Encryption🔗
Iceberg table encryption protects confidentiality and integrity of table data in an untrusted storage. The data, delete, manifest and manifest list files are encrypted and tamper-proofed before being sent to the storage backend.
The metadata.json file does not contain data or stats, and is therefore not encrypted.
Currently, encryption is supported in the Hive and REST catalogs for tables with Parquet and Avro data formats.

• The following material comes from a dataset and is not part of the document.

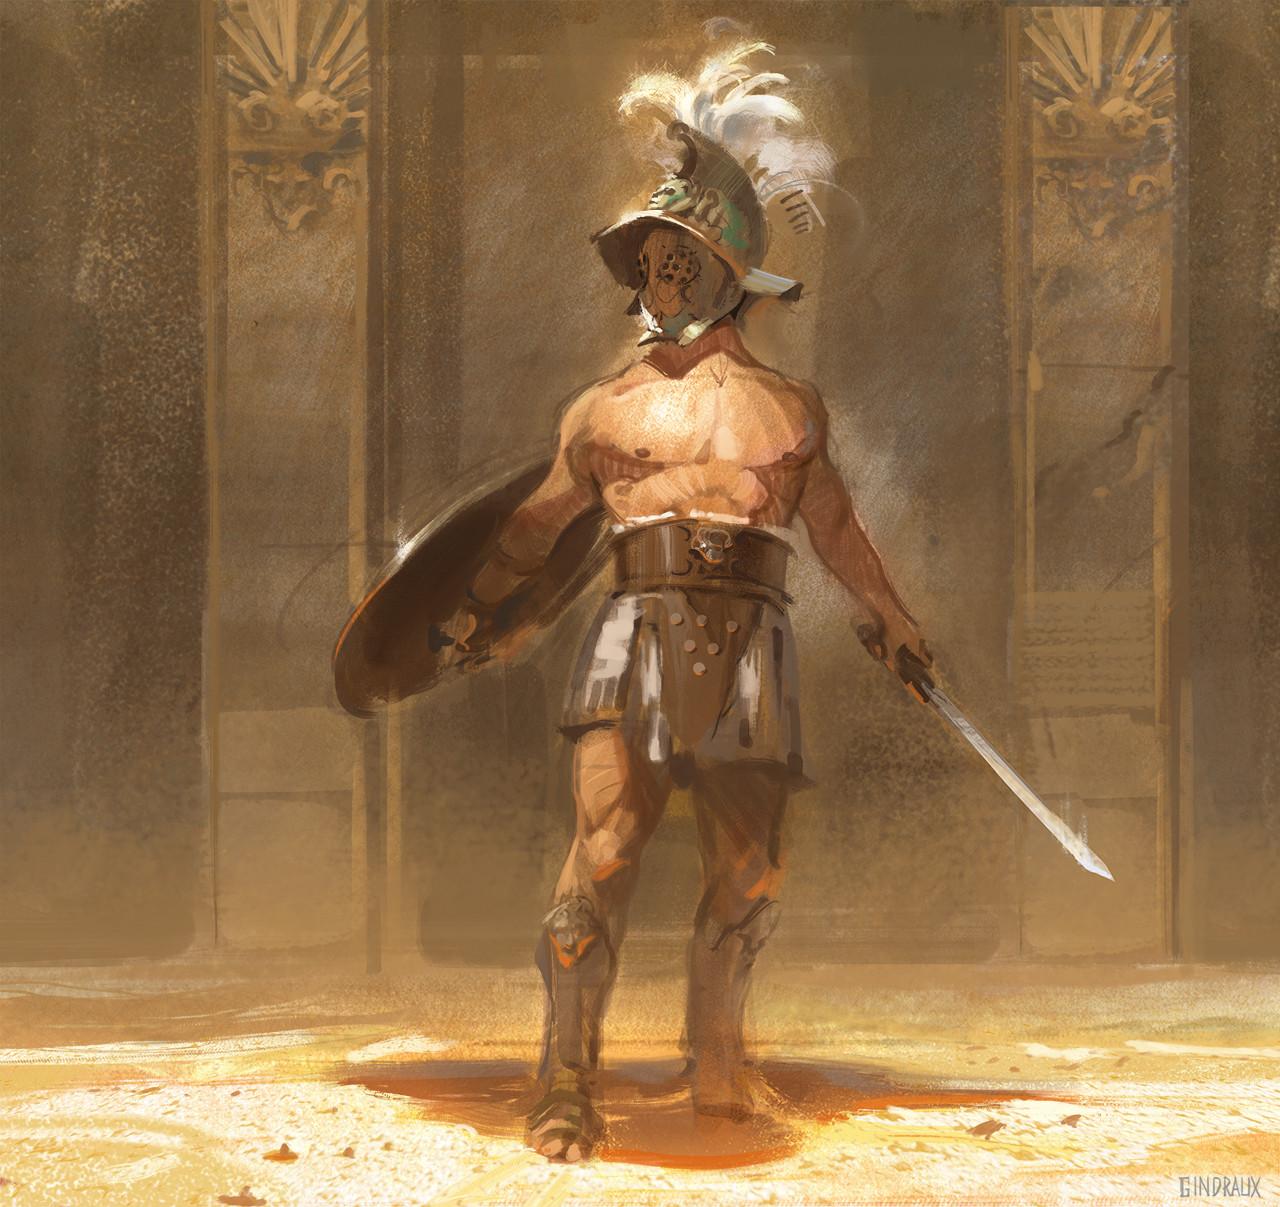 Nick gindraux gladiator1 artstation
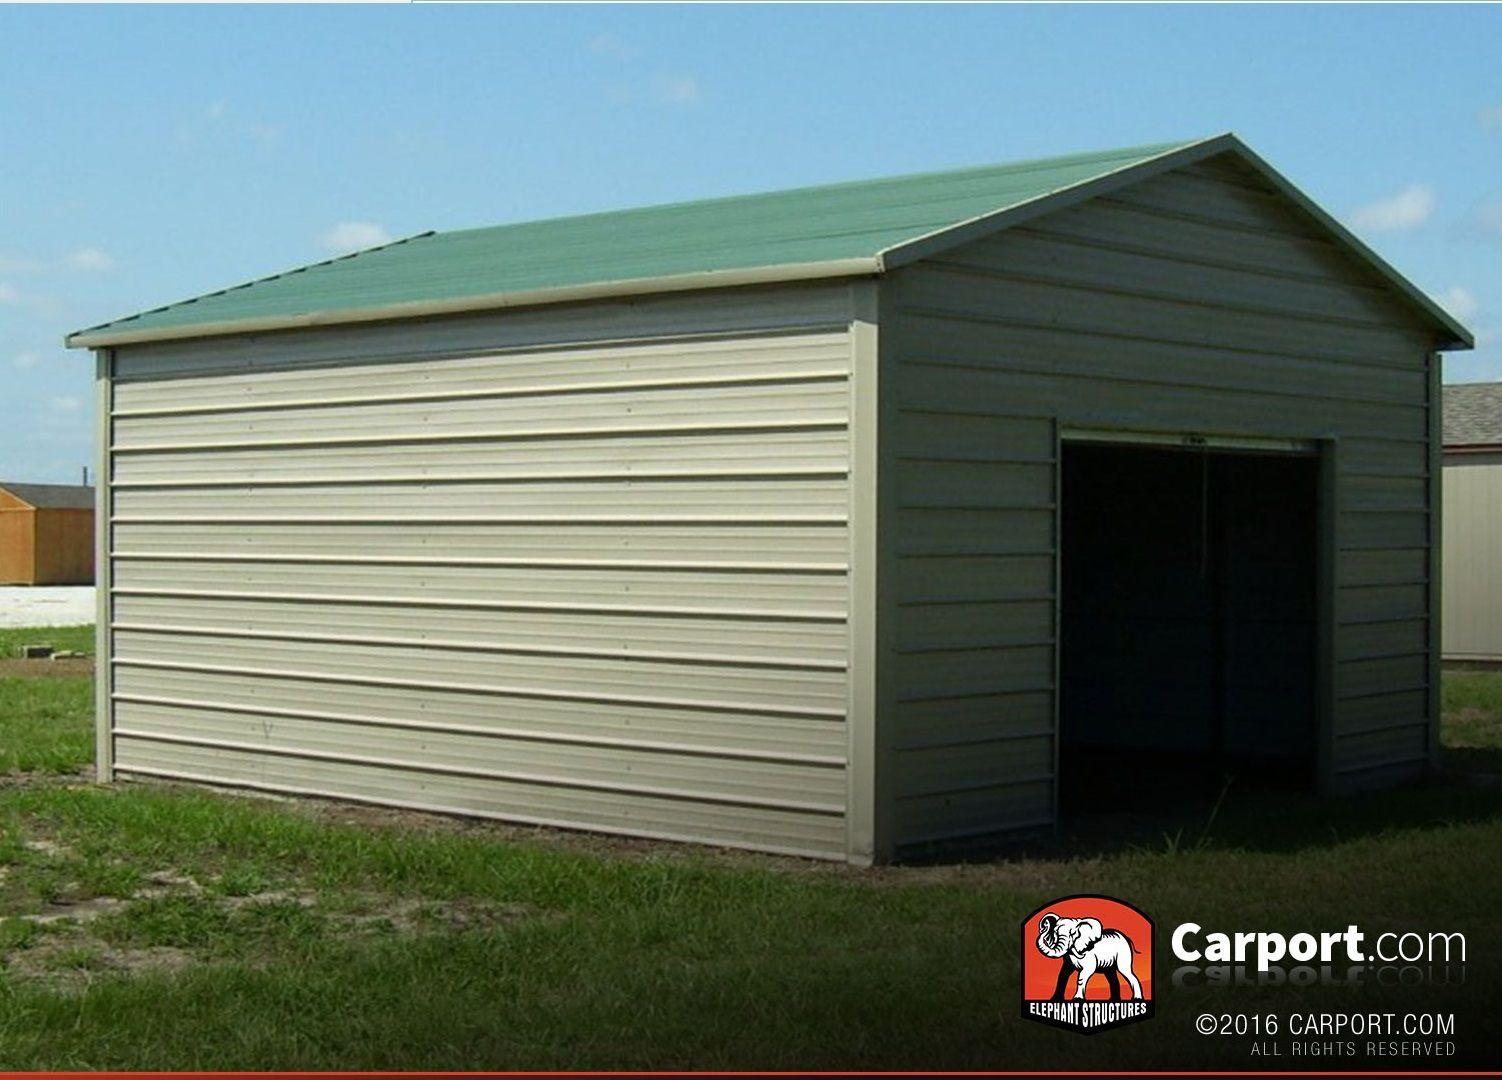 Metal Garage 12 X 21 With Boxed Eave Roof Metal Garages Metal Carport Kits Roofing

Two parameters are required to activate encryption of a table:
- Catalog property
encryption.kms-impl, that specifies the class path for a client of a KMS ("key management service"). - Table property
encryption.key-id, that specifies the ID of a master key used to encrypt and decrypt the table. Master keys are stored and managed in the KMS.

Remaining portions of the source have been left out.